Launch HN: BuildFlow (YC W23) – The FastAPI of data pipelines

vosper · on March 15, 2023

Would you see Buildflow as a competitor to Dagster, Flink, or Spark Streaming?

I'm about to build a pipeline that needs to pass thousands of docs a minute through a variety of enrichments (ML models, third-party APIs, etc) and then dump the final enriched doc in ES.

There are so many pipeline products and workflow engines and MLOps solutions that I'm very confused about what technologies I should be looking at. I think something looks good (Temporal) but then read it's not really for large-volumes of streaming data. Or I look at Flink that can handle massive volumes but it doesn't seem like it's as easy to wire up as other options. I think Dagster looks nice but can't find any answer (even in their Slack) about what kind of volumes it can handle...

TankeJosh · on March 15, 2023

You can think of BuildFlow as a lightweight alternative to Flink / Spark Streaming. These streaming frameworks are great when you want to react to events in realtime (i.e. you want to trigger some processing logic every time a file is uploaded to cloud storage). Dagster is more focused on scheduling jobs, and might be a good fit if you have some batch jobs you want to trigger occasionally.

BuildFlow can run a simple PubSub -> light processing -> BigQuery pipeline at about 5-7k messages / second on a 4core VM (tested on GCP’s n1-standard-4 machines). For your case, you might be able to get away with running on a single machine with 4-8 cores.

I’d be happy to connect outside of HN if you’d like me to dig into your use case more! You can reach me at josh@launchflow.com

edit: You can also reach out on our discord: https://discordapp.com/invite/wz7fjHyrCA

vosper · on March 16, 2023

Thanks for that. Sounds like it might fit what we want. I'll reach out if I have any more questions.

Are you tied to GCP services like pubsub and BiqQuery? We're in AWS, not GCP.

TankeJosh · on March 16, 2023

AWS support is in the queue, but we only have GCP services at the moment. What services on AWS do you need access to? We can move them to the front of the queue to help out.

Feel free to reach out even if this doesn’t work with your timeline.

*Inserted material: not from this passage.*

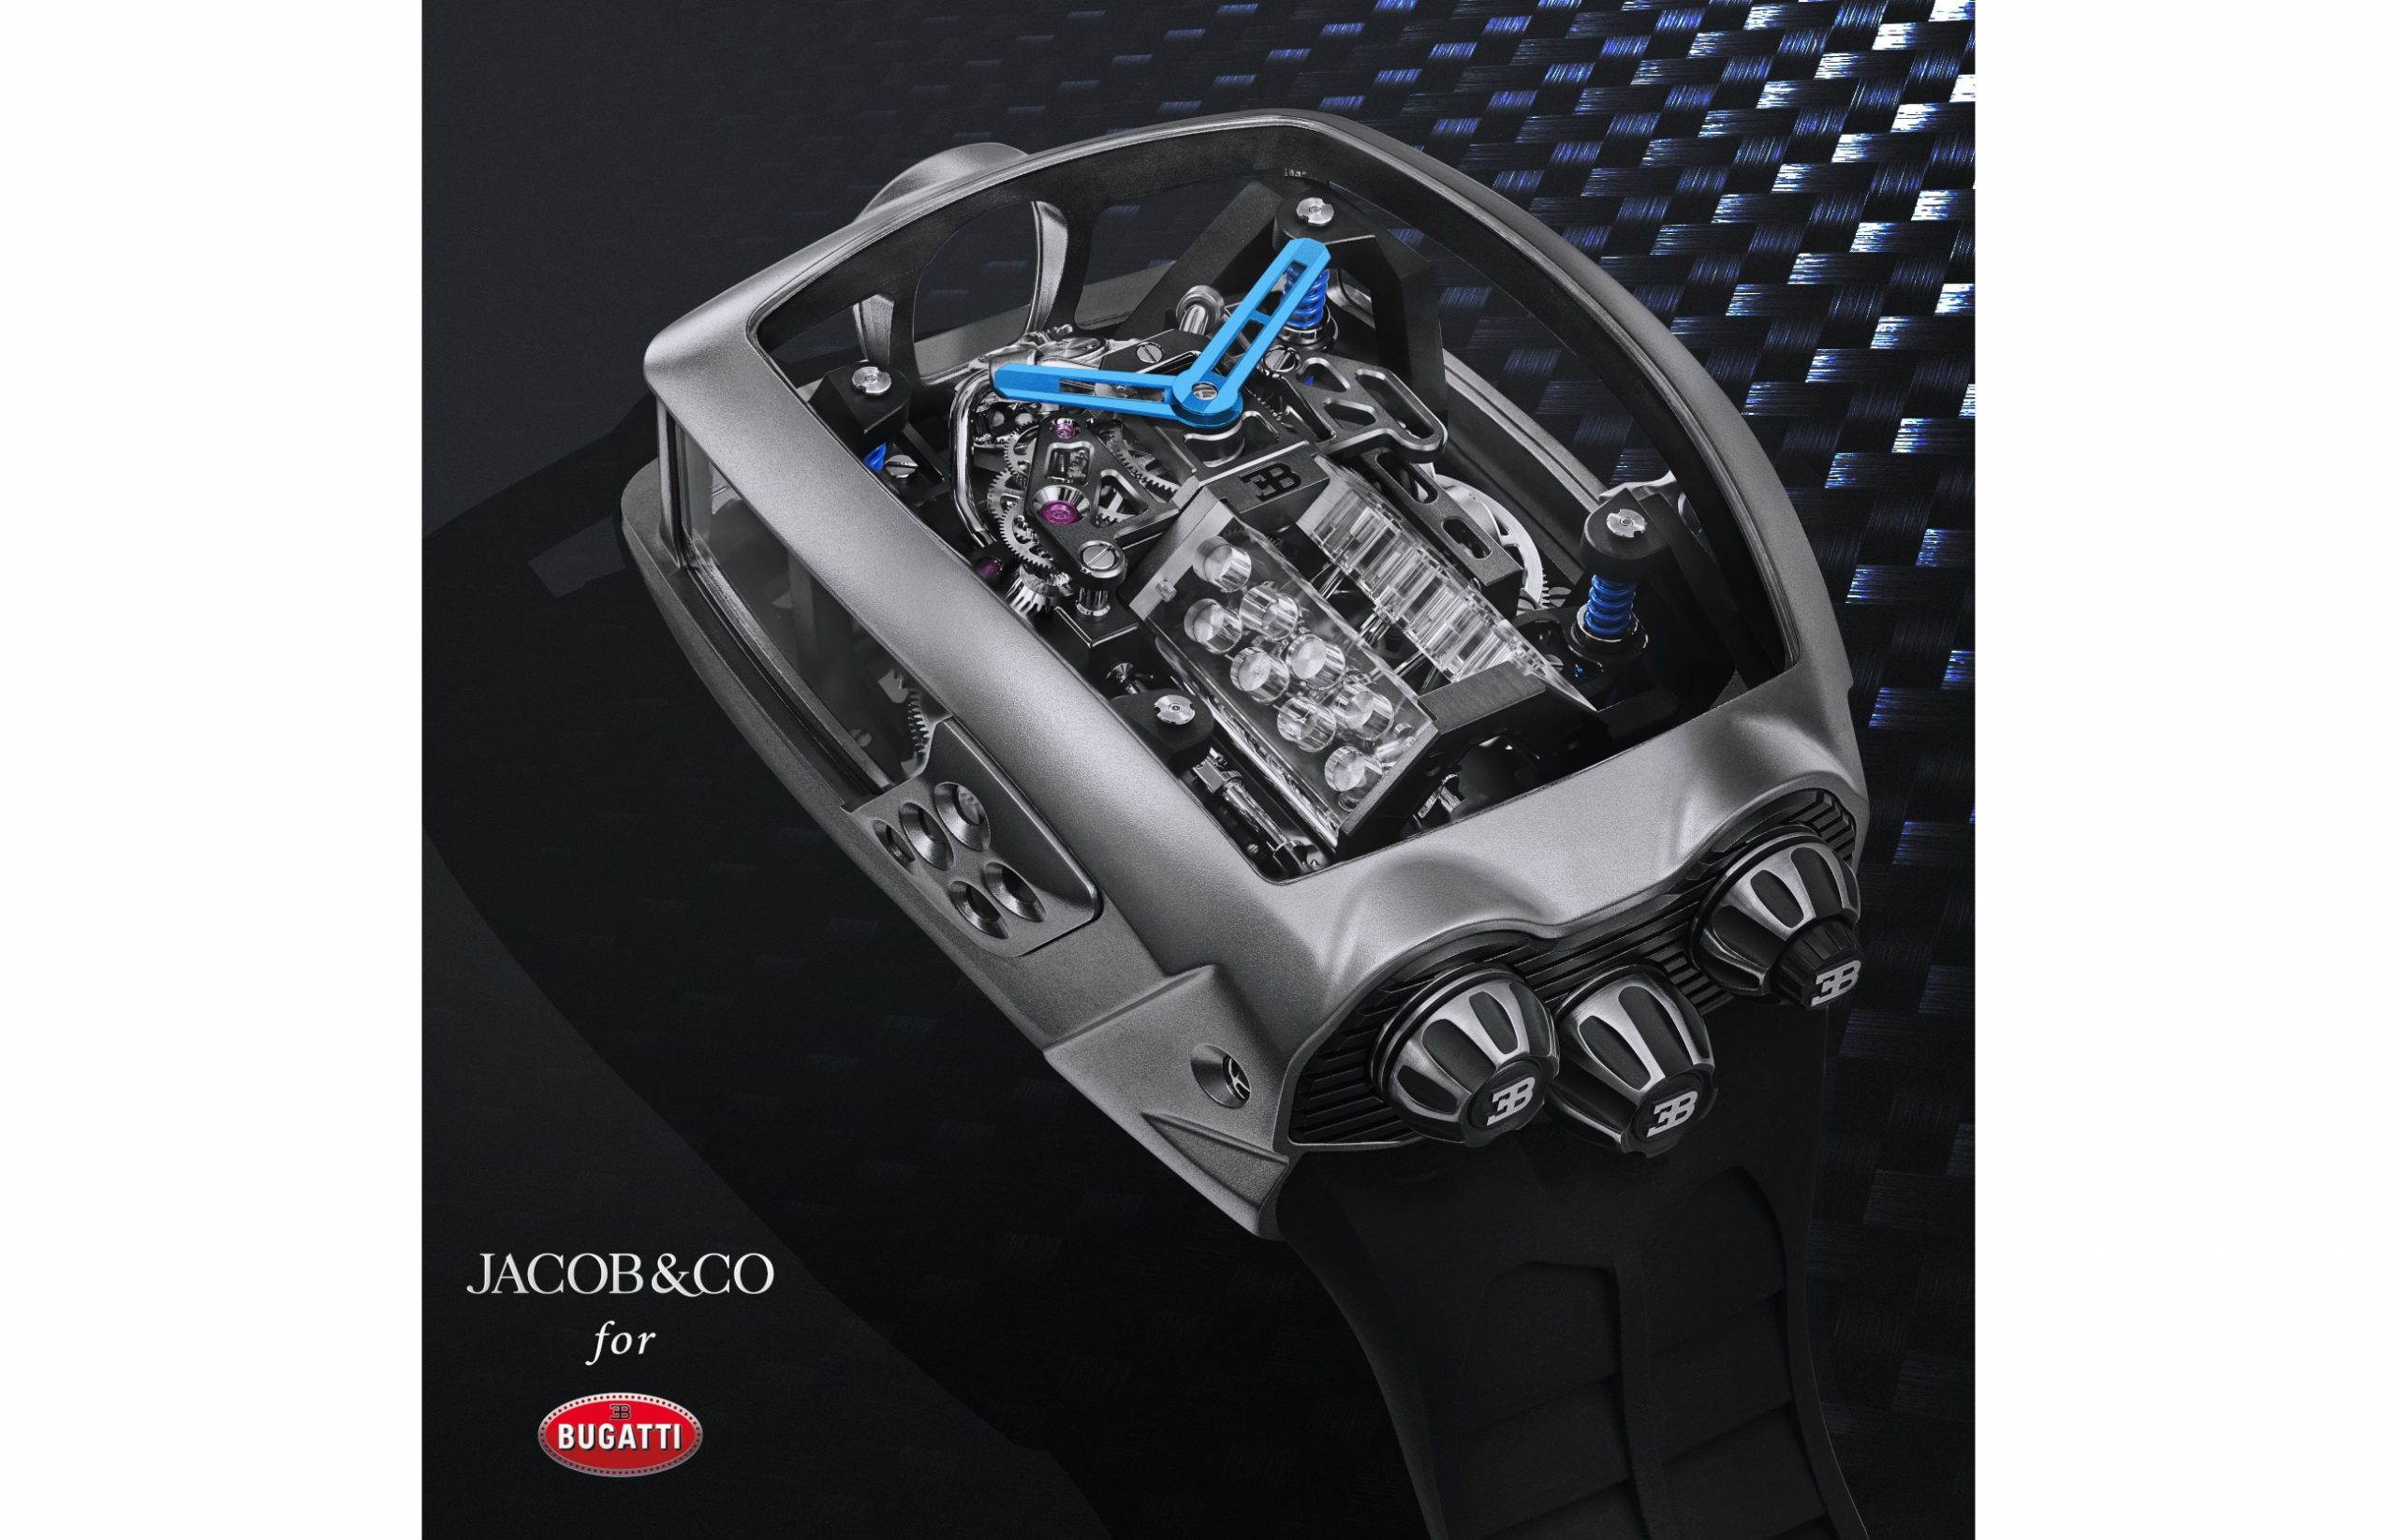 Jacob & Co. Unveils $280,000 Bugatti Chiron Tourbillon

I might be able to help you come up with another solution, and I’m always interested to hear new use cases!

faizshah · on March 15, 2023

Should we think of BuildFlow as an alternative to workflow managers like Prefect or kubeflow or is it a higher level library for stream processing like Beam?

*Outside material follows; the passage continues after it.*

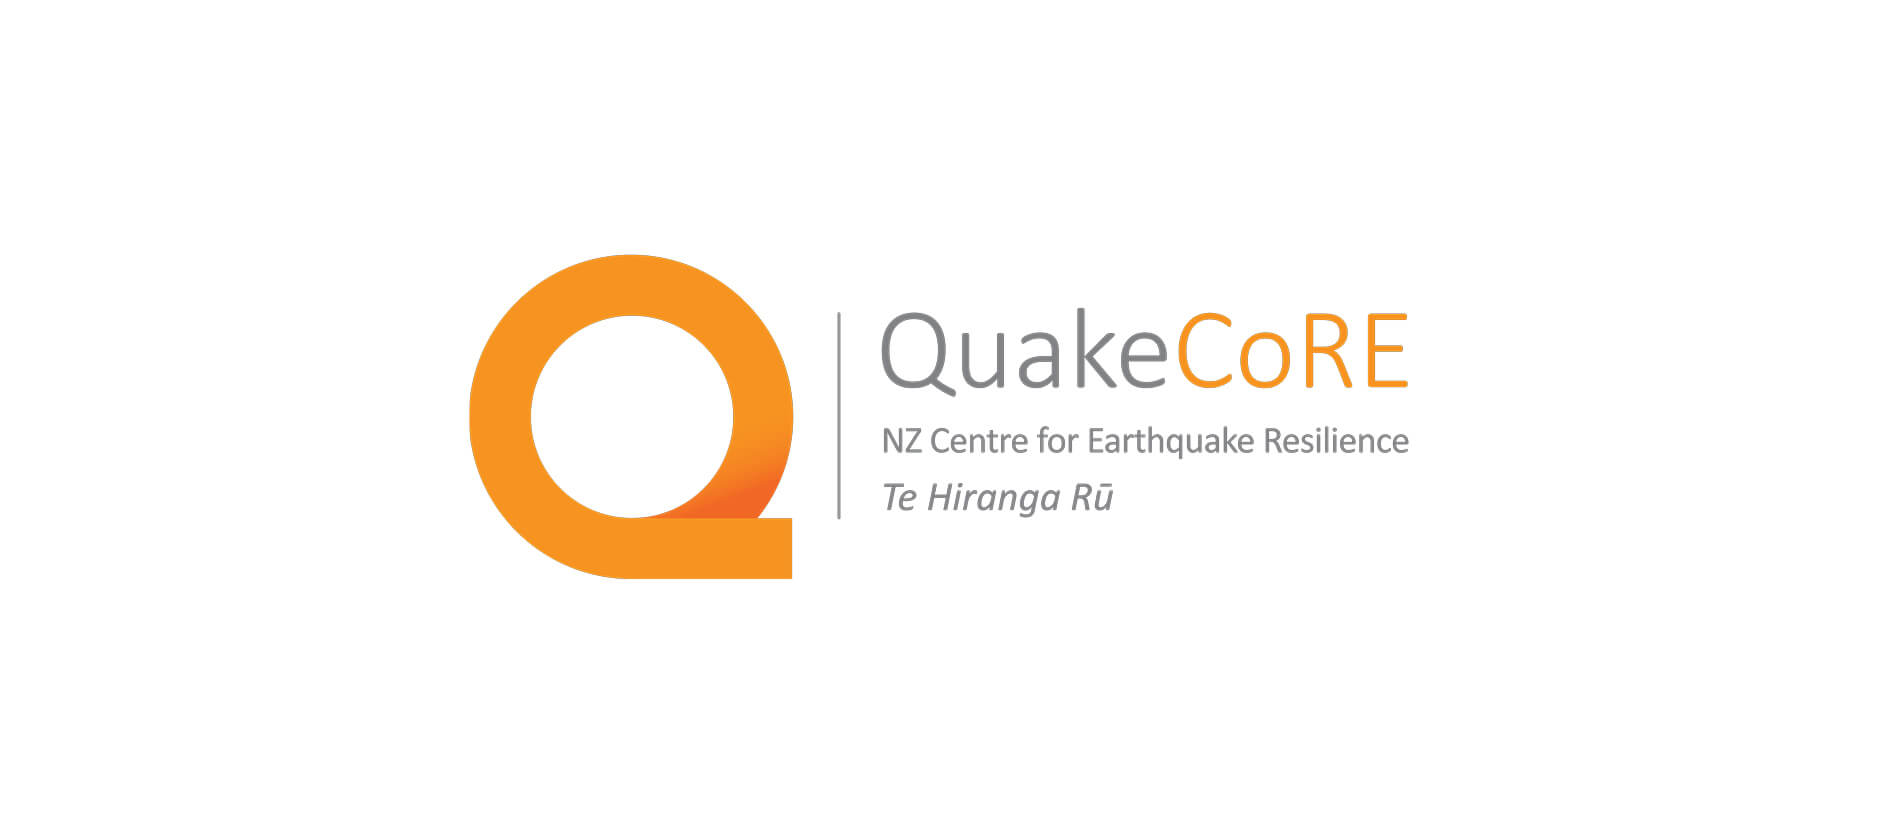 quake core logo

calebtv · on March 15, 2023

More of a higher level library like Beam, and I could see it being plugged into a Prefect workflow.

faizshah · on March 15, 2023

I see, what fault tolerance mechanisms does it provide?

I don’t see anything on snapshotting or checkpointing like Flink. Is this just for stateless jobs?

calebtv · on March 15, 2023

We don't support any snapshotting or checkpointing directly in BuildFlow at the moment, but these are great features we should support.

But we do have some fault tolerance baked into our I/O operations. Specifically for Google Cloud Pub/Sub the acks don't happen until the data has been successfully processed and written to the sink, so if there is a bug or some transient failure the message will be resent later depending on your subscriber configuration.

calebtv · on March 15, 2023

I should also mention BuildFlow does support stateful processing with the Processor class API: https://www.buildflow.dev/docs/processors/overview#processor...

jcnnghm · on March 15, 2023

Is there an underlying stream processor (e.g. Flink)? How many messages per second can it process?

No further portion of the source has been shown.